На спектаклях, на митингах в душной маленькой комнате клуба, куда люди набивались заблаговременно и терпеливо сидели, ожидая начала, Шакар сперва лепился к стенке, не снимая своей папахи, потом начал присаживаться. Потом вдруг услышали мы его рассудительный шепоток с места, перешедший в откашливание, в неожиданно приподнятый голос: Шакар начал выступать с трибуны по местным вопросам.
И как-то, окликнув его по привычке: «Дедка, воды в ведре ни капли!», — я подняла глаза на нашего, виданного и перевиданного, знакомого до каждой щетинки в бороде, старика и — ахнула: не стало бороды у Шакара. Он побрился у тех самых цирюльников, что открыли свое заведение под деревянным навесом в городке. Он снял папаху, на голове у него была кепка. Снял и тулуп: строительство выдало ему «прозодежду», защитного цвета брезентовый френч. Давно уже начал Шакар, долгие годы питавшийся сухим чуреком и мацуном, захаживать в столовую и осторожно, обжигая губы с непривычки, пробовать горячего борща. И Шакар вошел в тело, окреп. Шакар отдал визит в рабочую баньку, прежде чем сесть на чурбачок перед лихим городским цирюльником. Помину не осталось от цынги, губы у старика плотно сошлись над деснами.
Старик… Но полно!
«Сколько же тебе лет, Шакар?» — спросила я, не веря своим глазам.
И оказалось, что нашему «дедке», нашему «старику» Шакару, которому мы голосами внучек и внуков жаловались, бывало, на всякие свои досады и горести, всего-навсего тридцать два года! Советская жизнь на стройке вернула этому забитому лорийскому бедняку его настоящий возраст.
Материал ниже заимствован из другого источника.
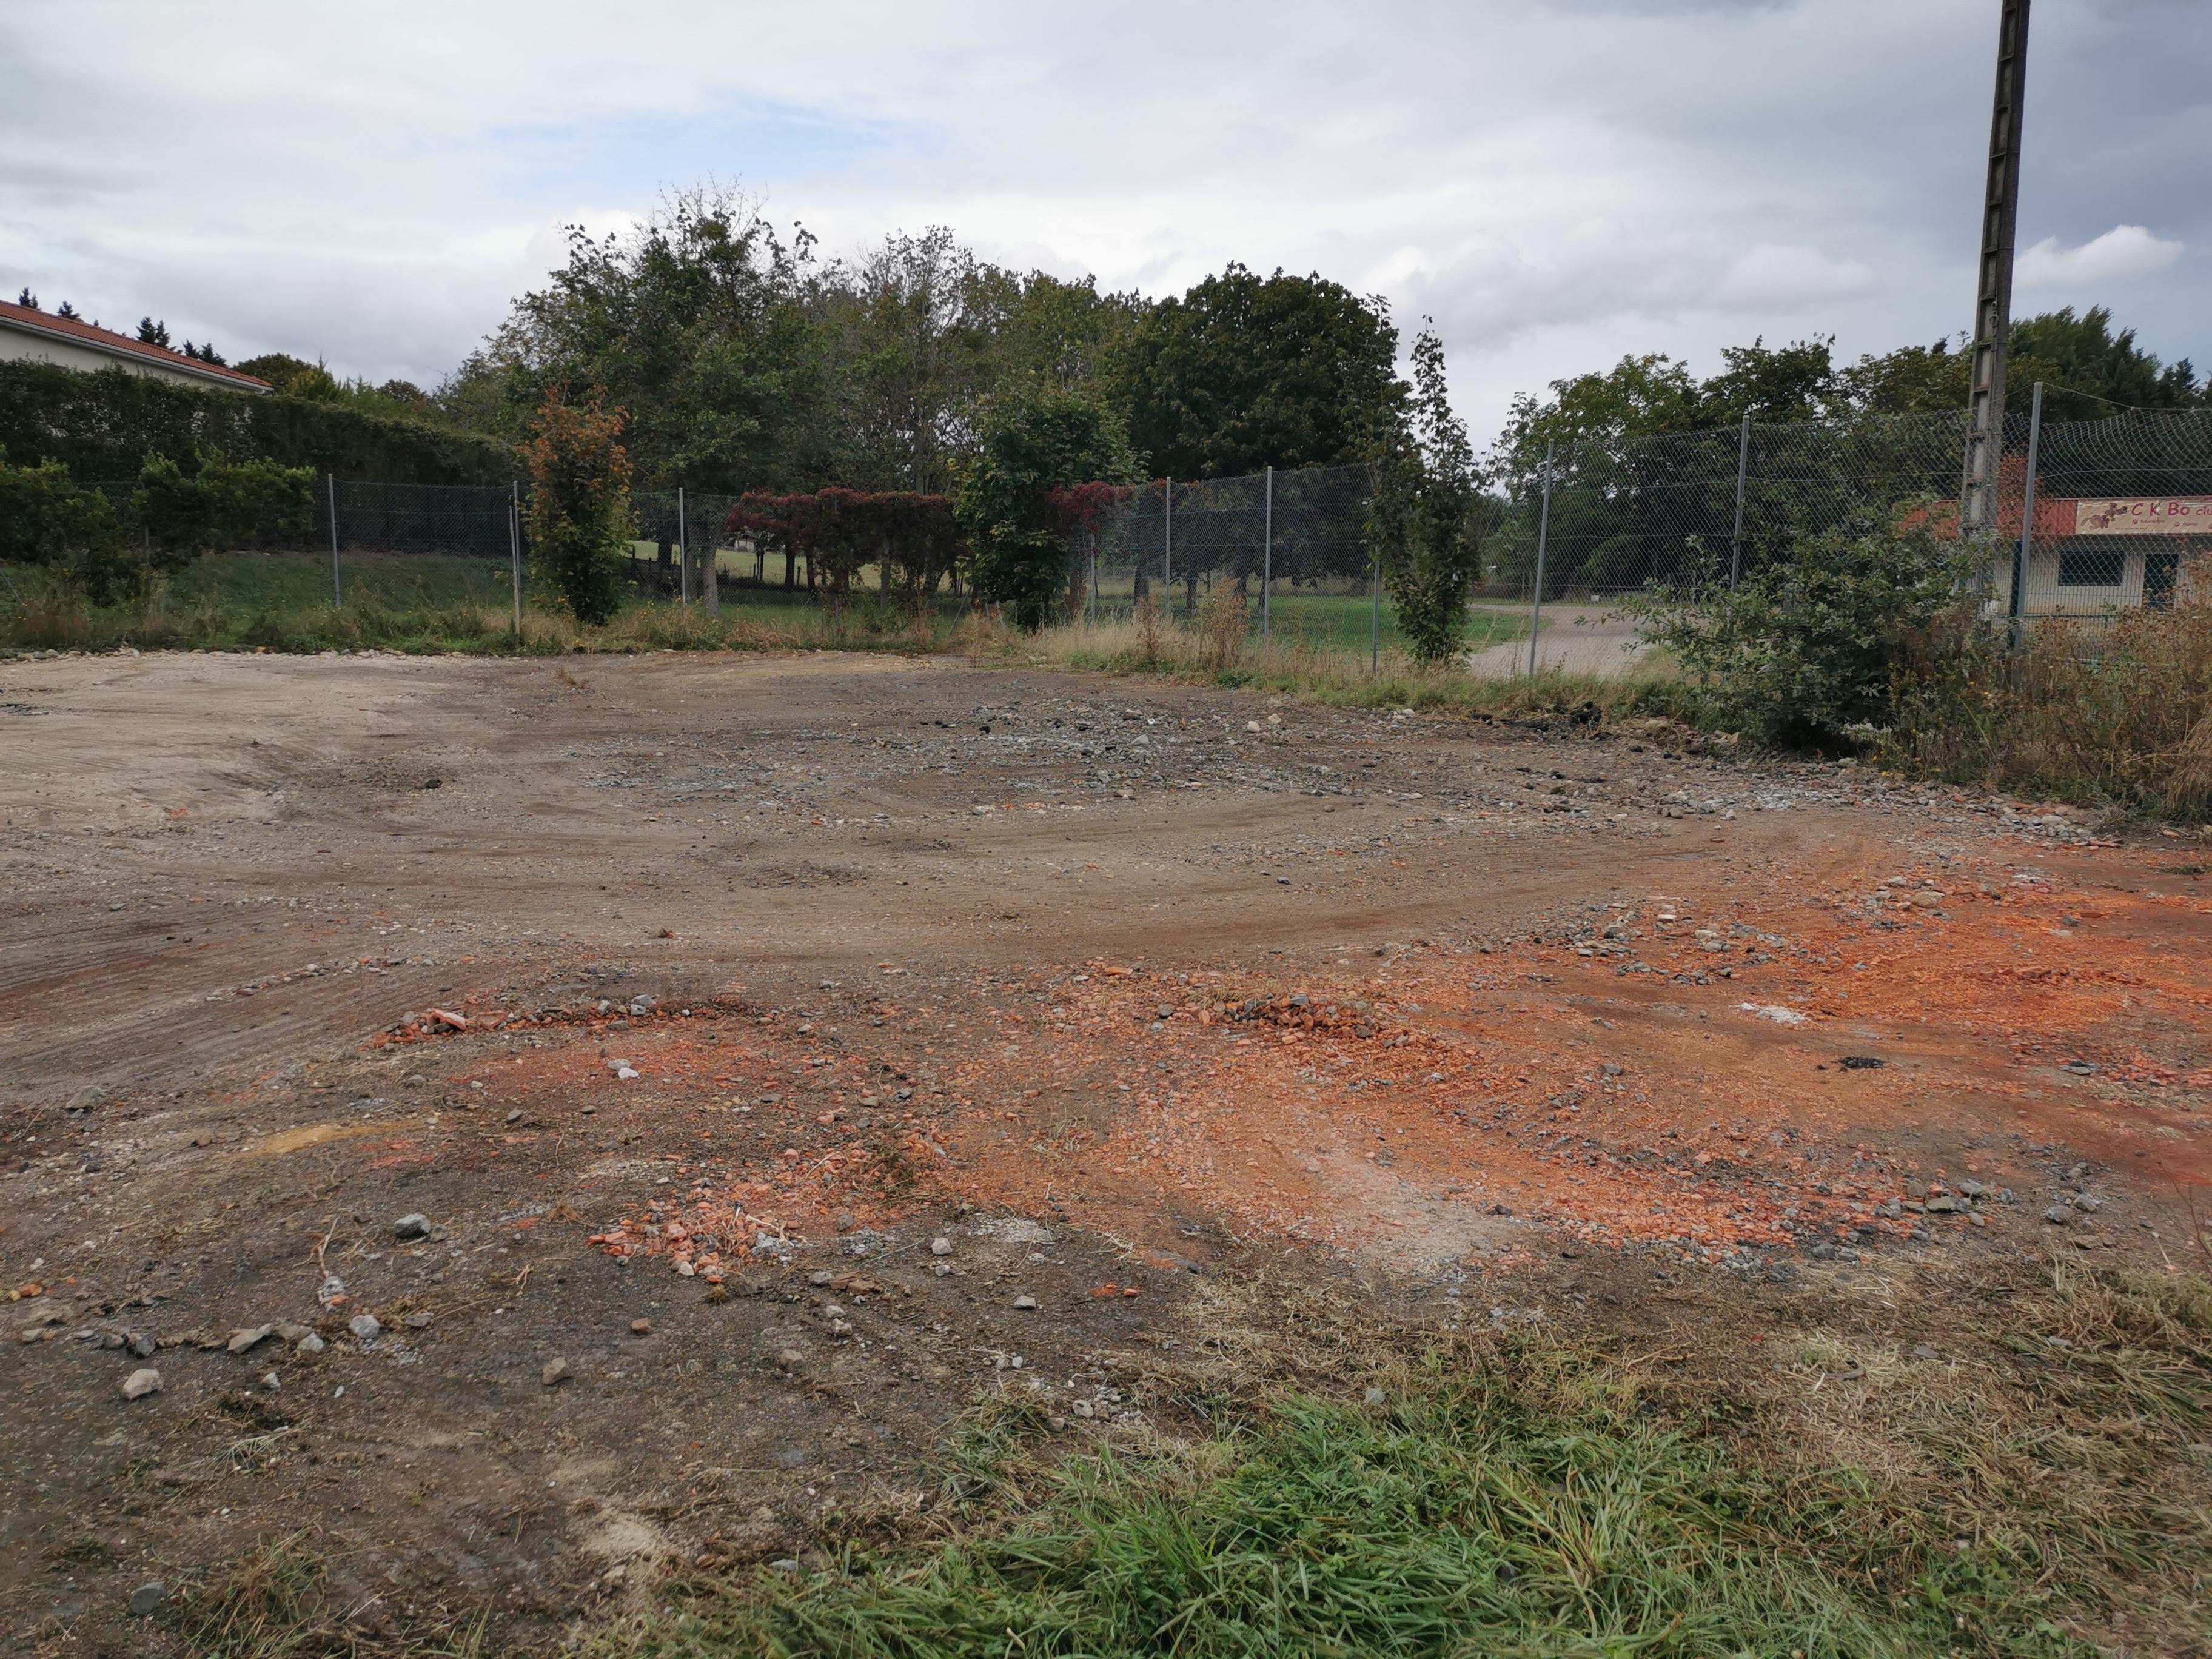 terrain tennis 24 sept.jpg

Он вошел в свои утраченные годы вместе с новым, советским бытом: собраниями в клубе, где и его голос вдруг приобрел значение, книжечкой члена профсоюза, неведомым раньше интересом к газете, к новостям за пределами знакомого десятка километров; новым, рабочим сознанием, заставившим его во все по-хозяйски вмешиваться; наконец горячею пищей в столовой, городской рабочей одеждой.
Не жалко прожить жизнь и приблизиться к ее последней грани, если и ты, наравне с другими, поработал вот так, изо дня в день, чтоб возвратить тысячам, десяткам и сотням тысяч людей родного тебе народа их естественный возраст, — их молодость, отнимавшуюся от них сотнями лет нужды и темноты и засиявшую для них в нашем молодом и прекрасном мире!